• **TASK INSTRUCTIONS**: The reply should contain every line of the data, repeated exactly, and no pictures.

• **AVAILABLE DATA**:

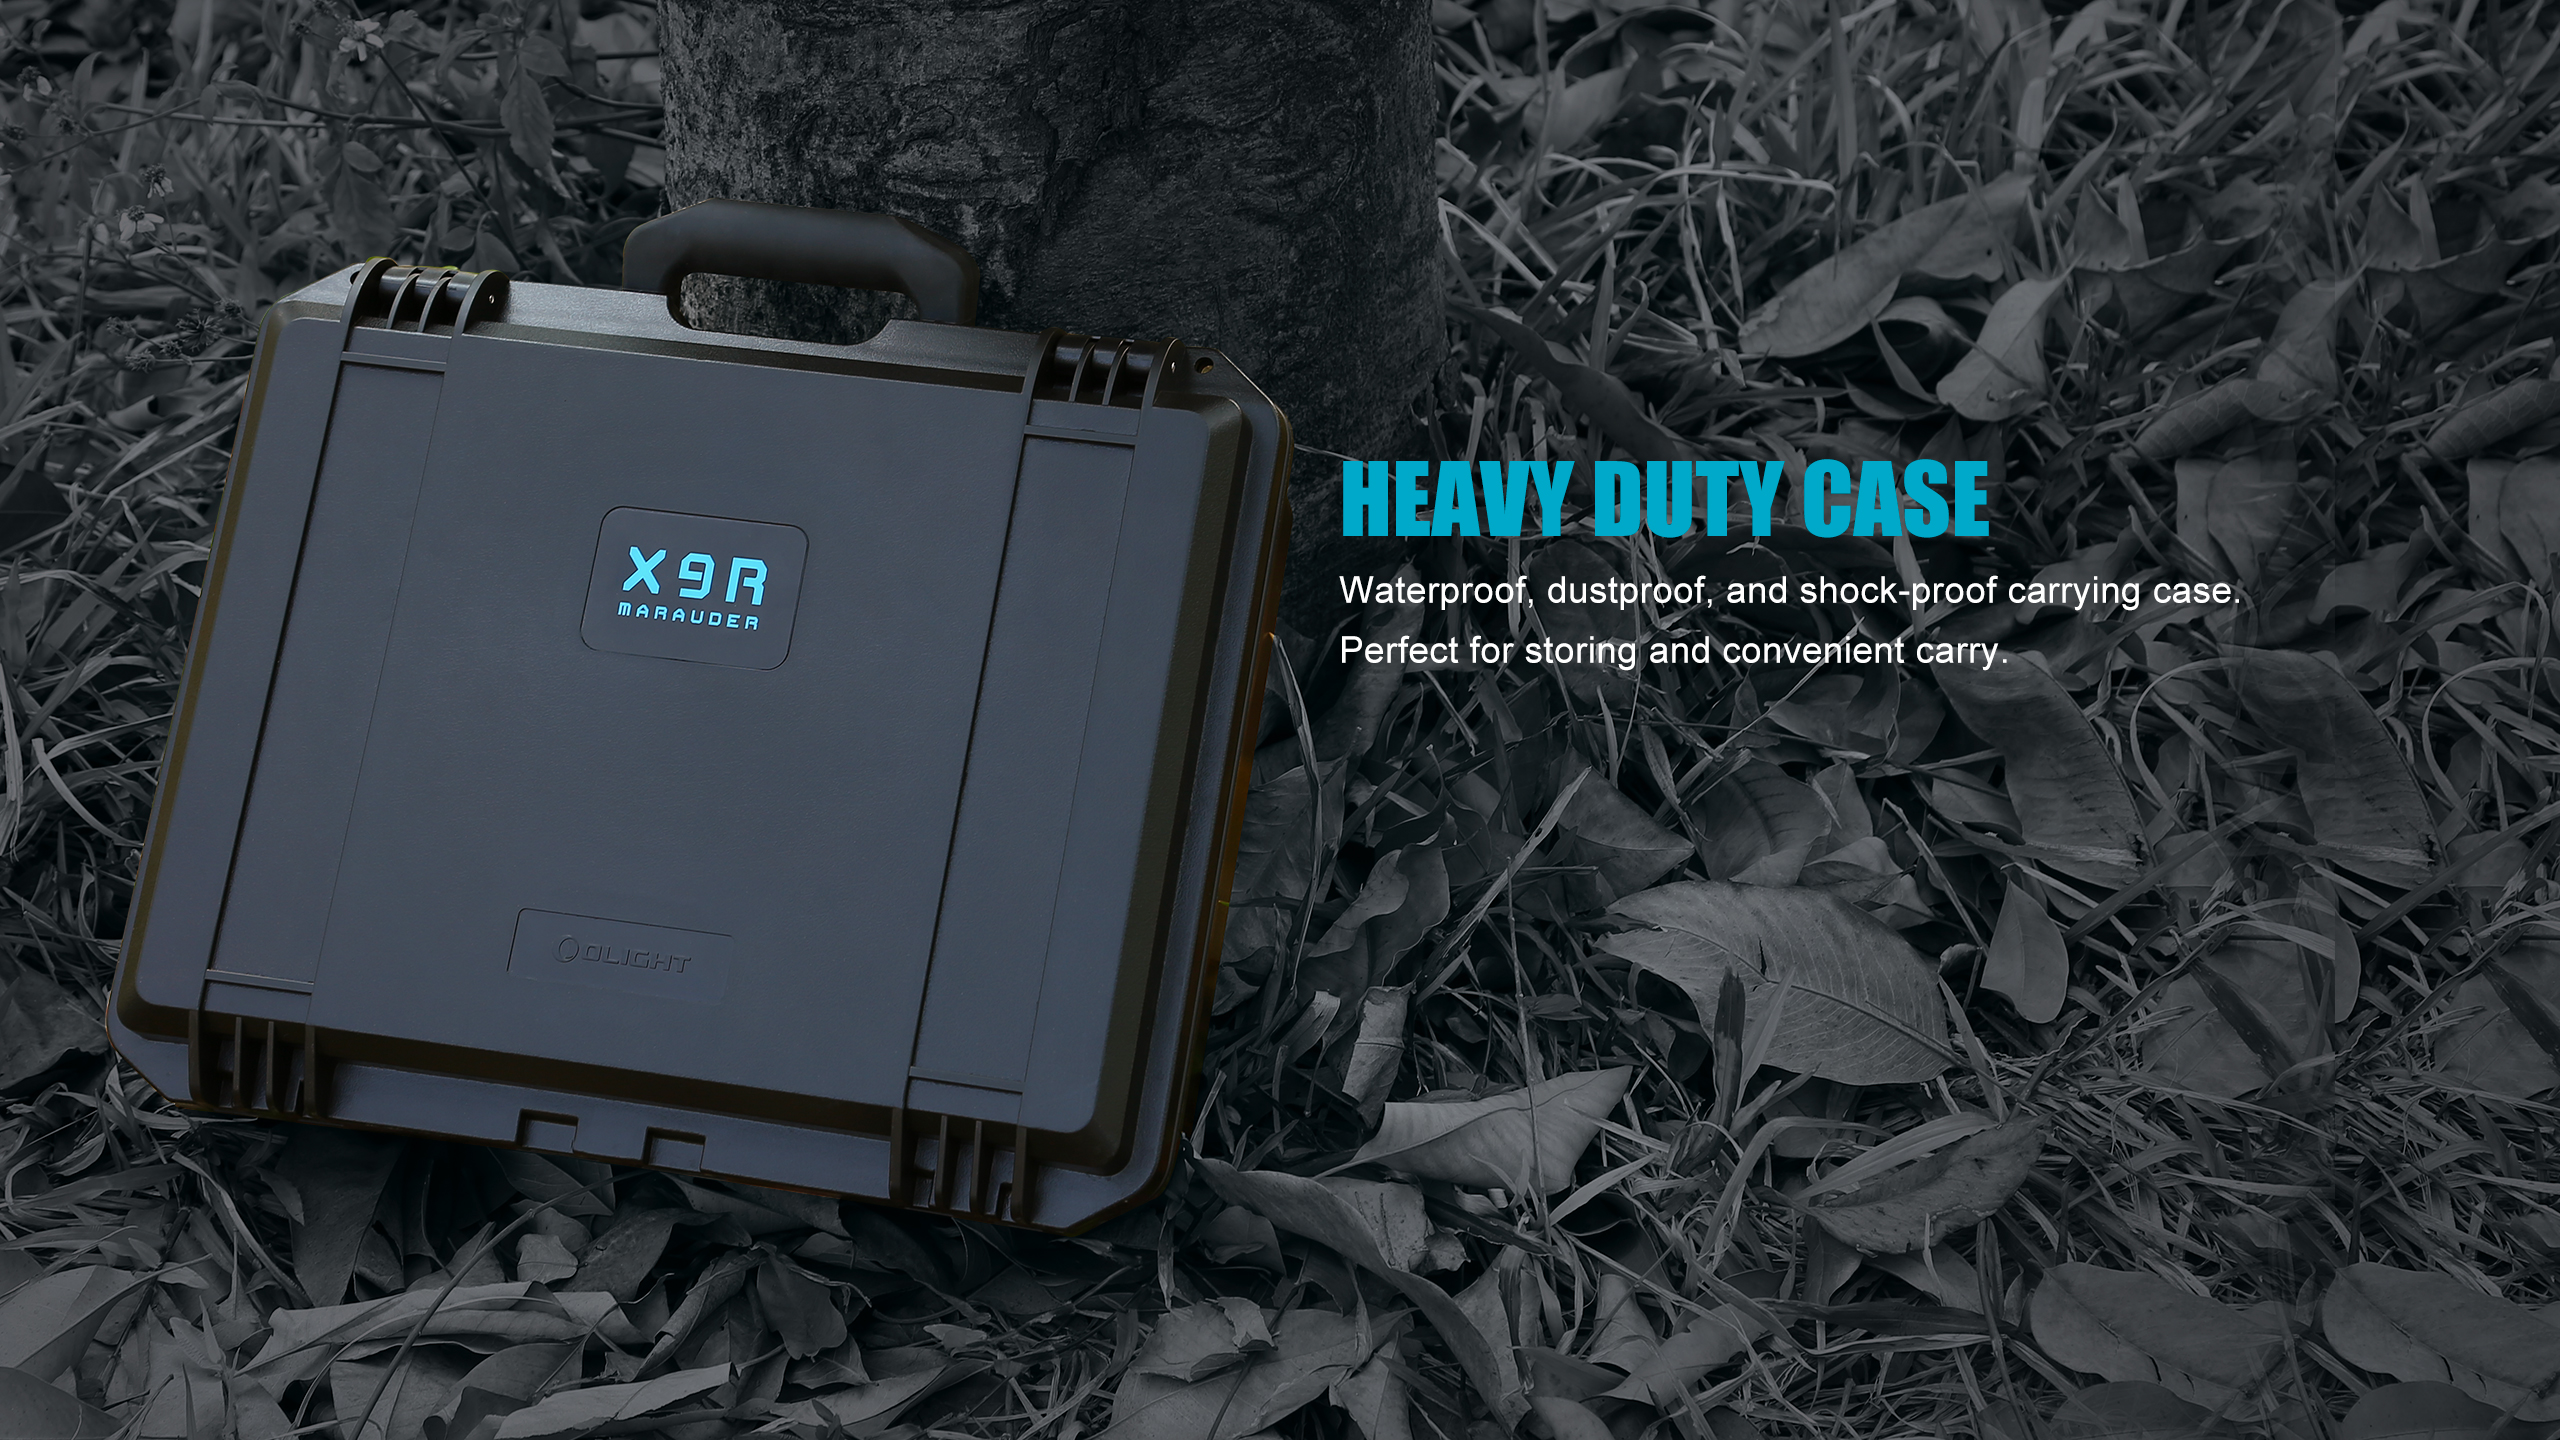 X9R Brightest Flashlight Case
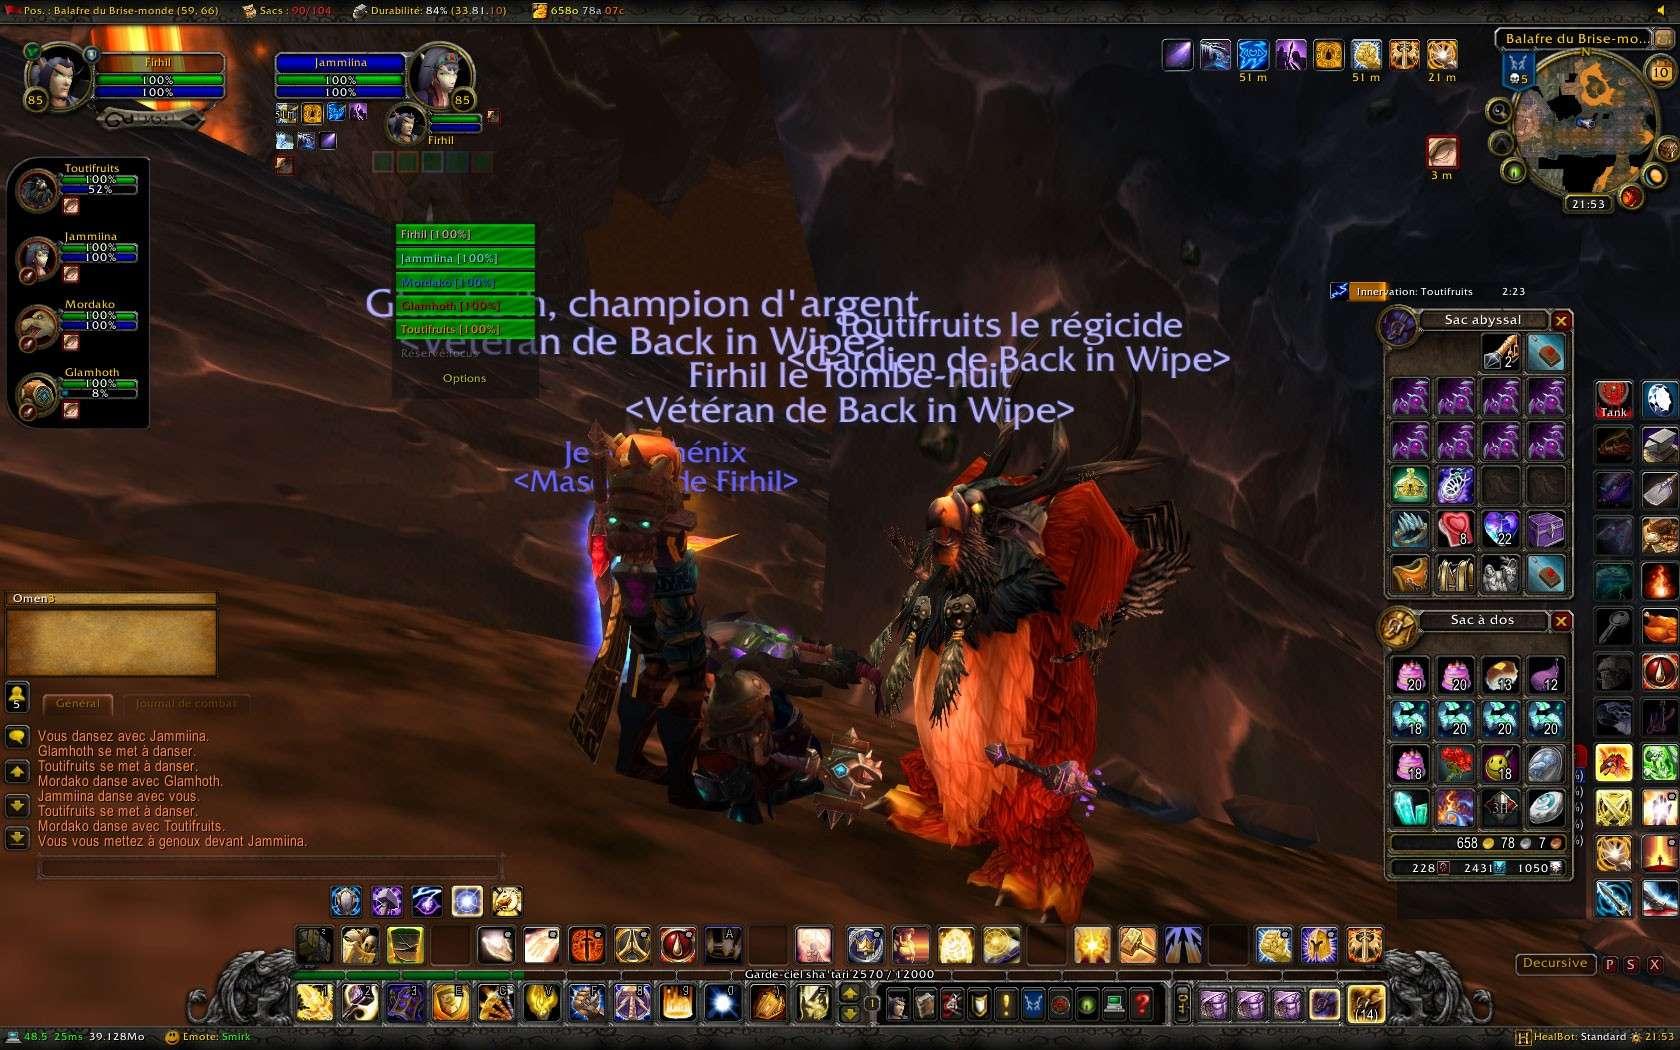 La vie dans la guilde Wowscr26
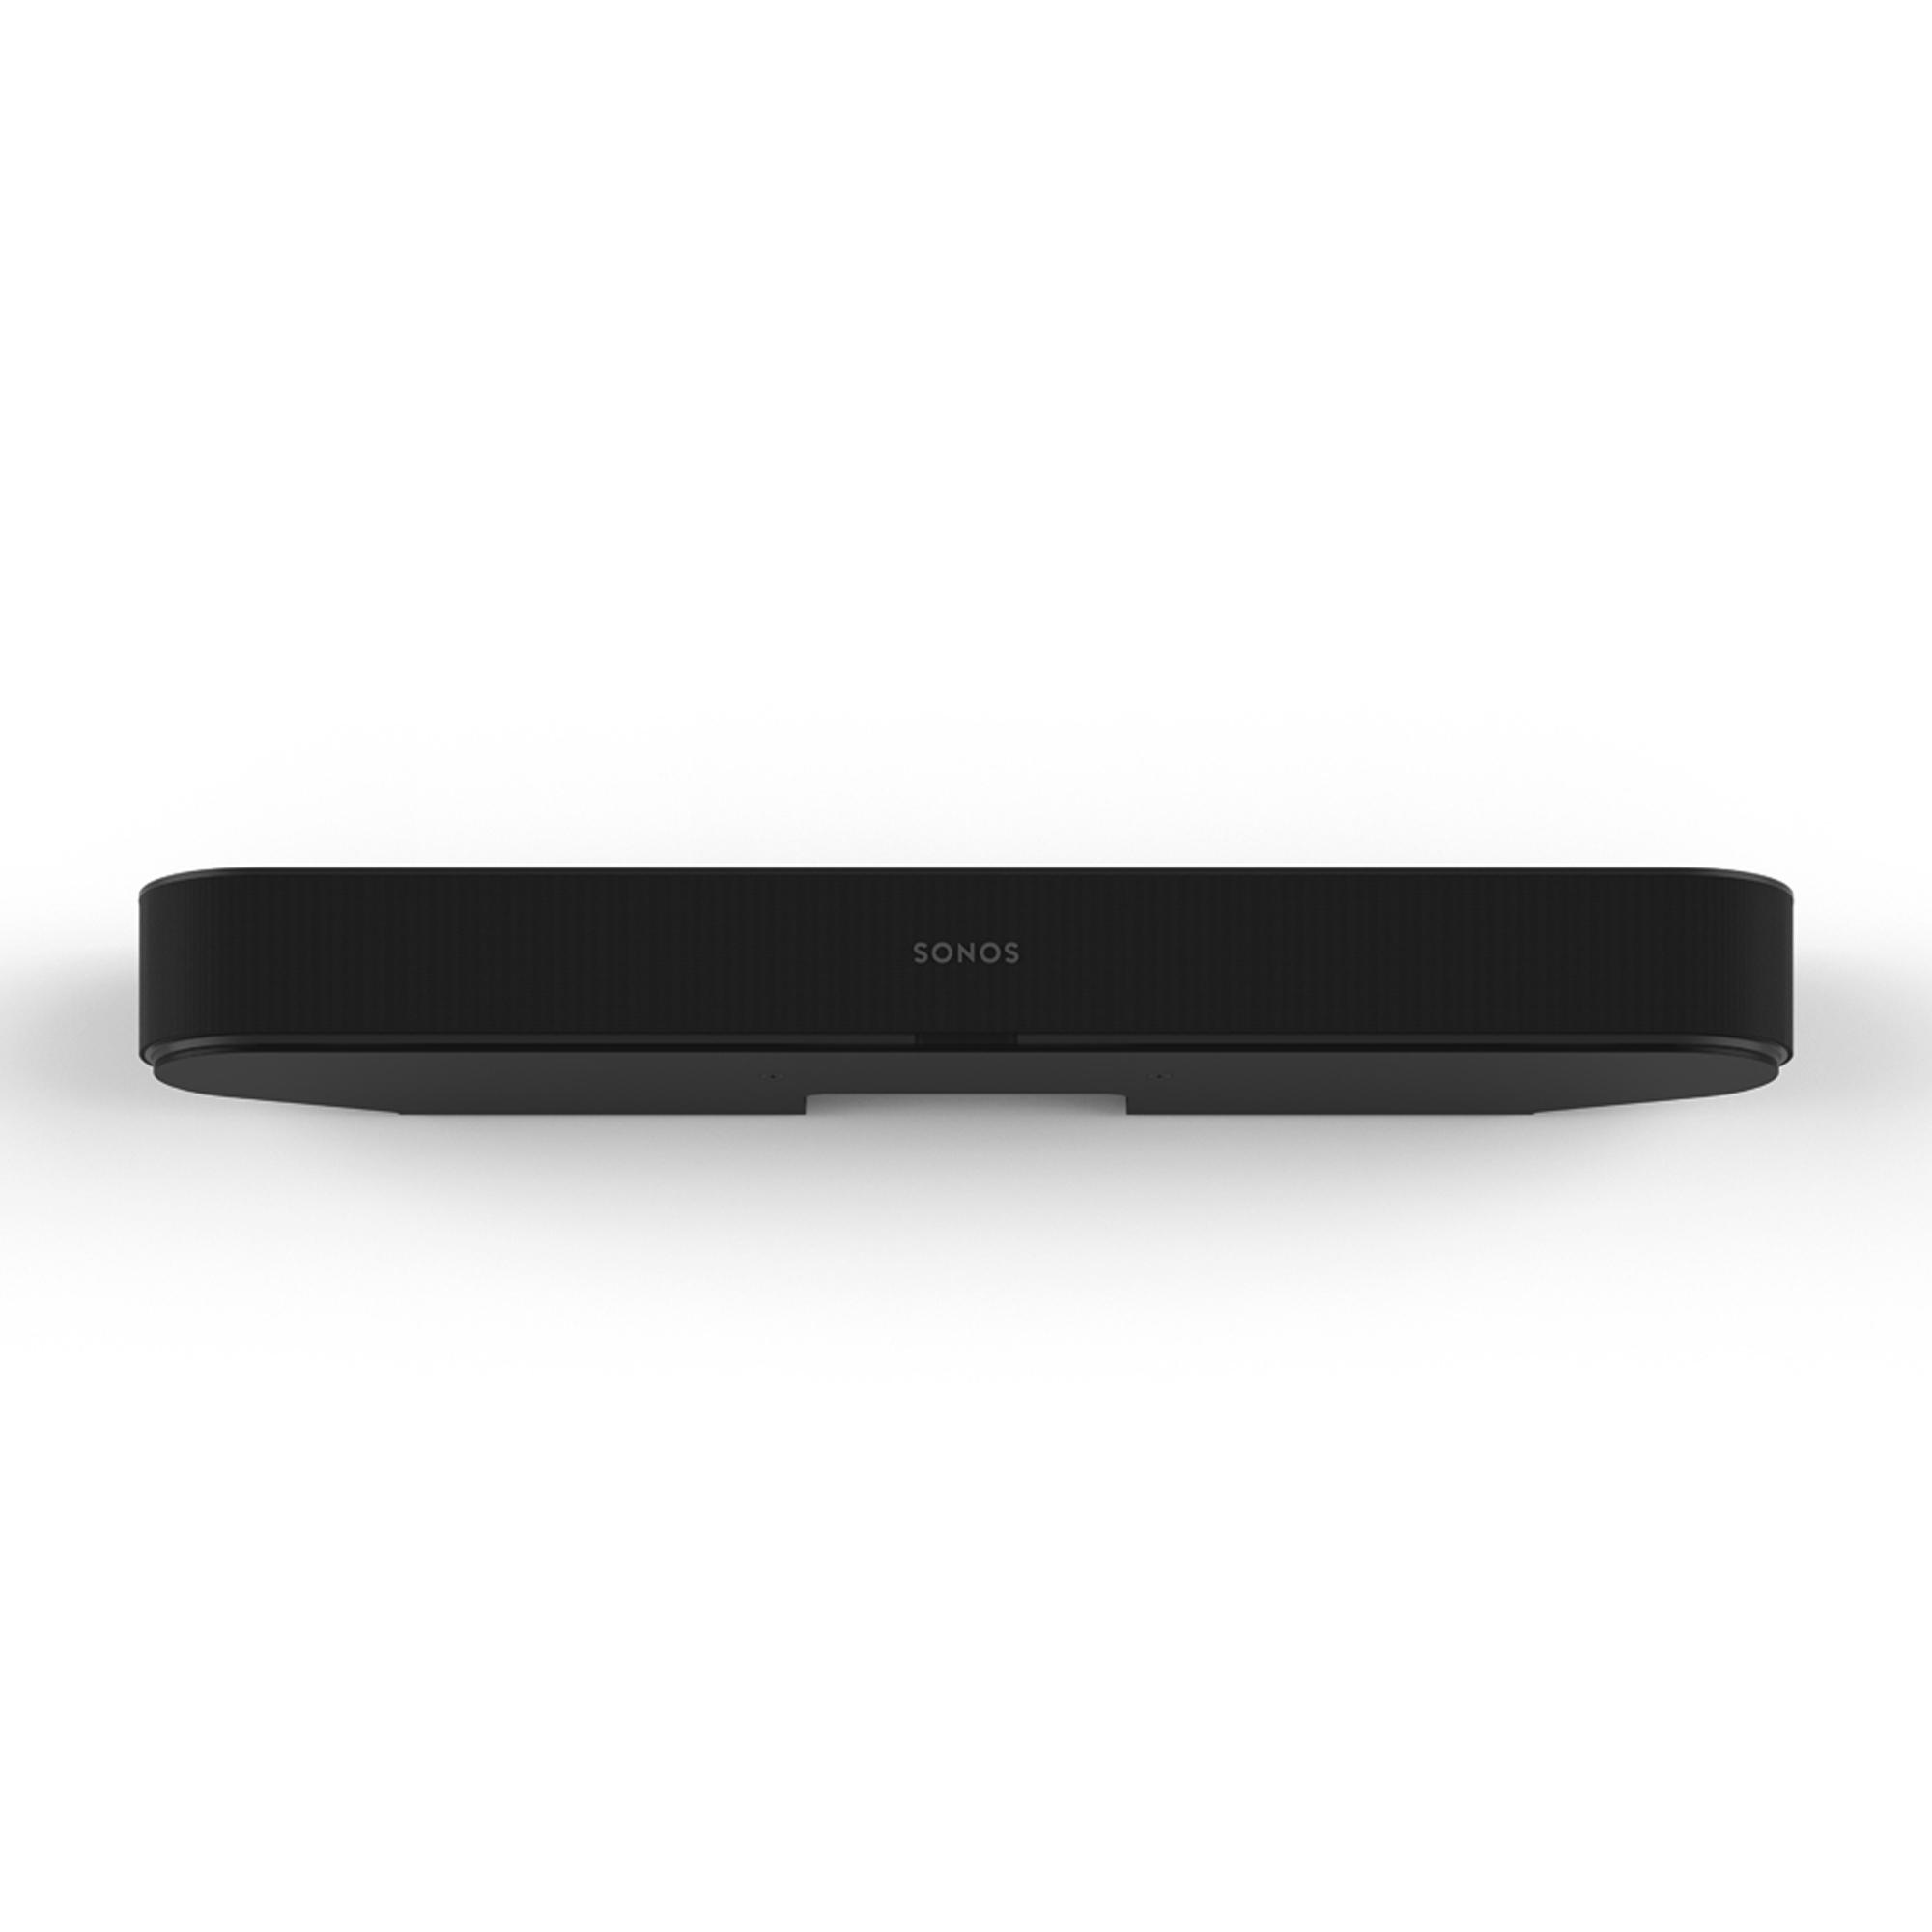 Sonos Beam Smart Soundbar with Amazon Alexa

• **OUTPUT OF THE TASK**:
 X9R Brightest Flashlight Case
 La vie dans la guilde Wowscr26
 Sonos Beam Smart Soundbar with Amazon Alexa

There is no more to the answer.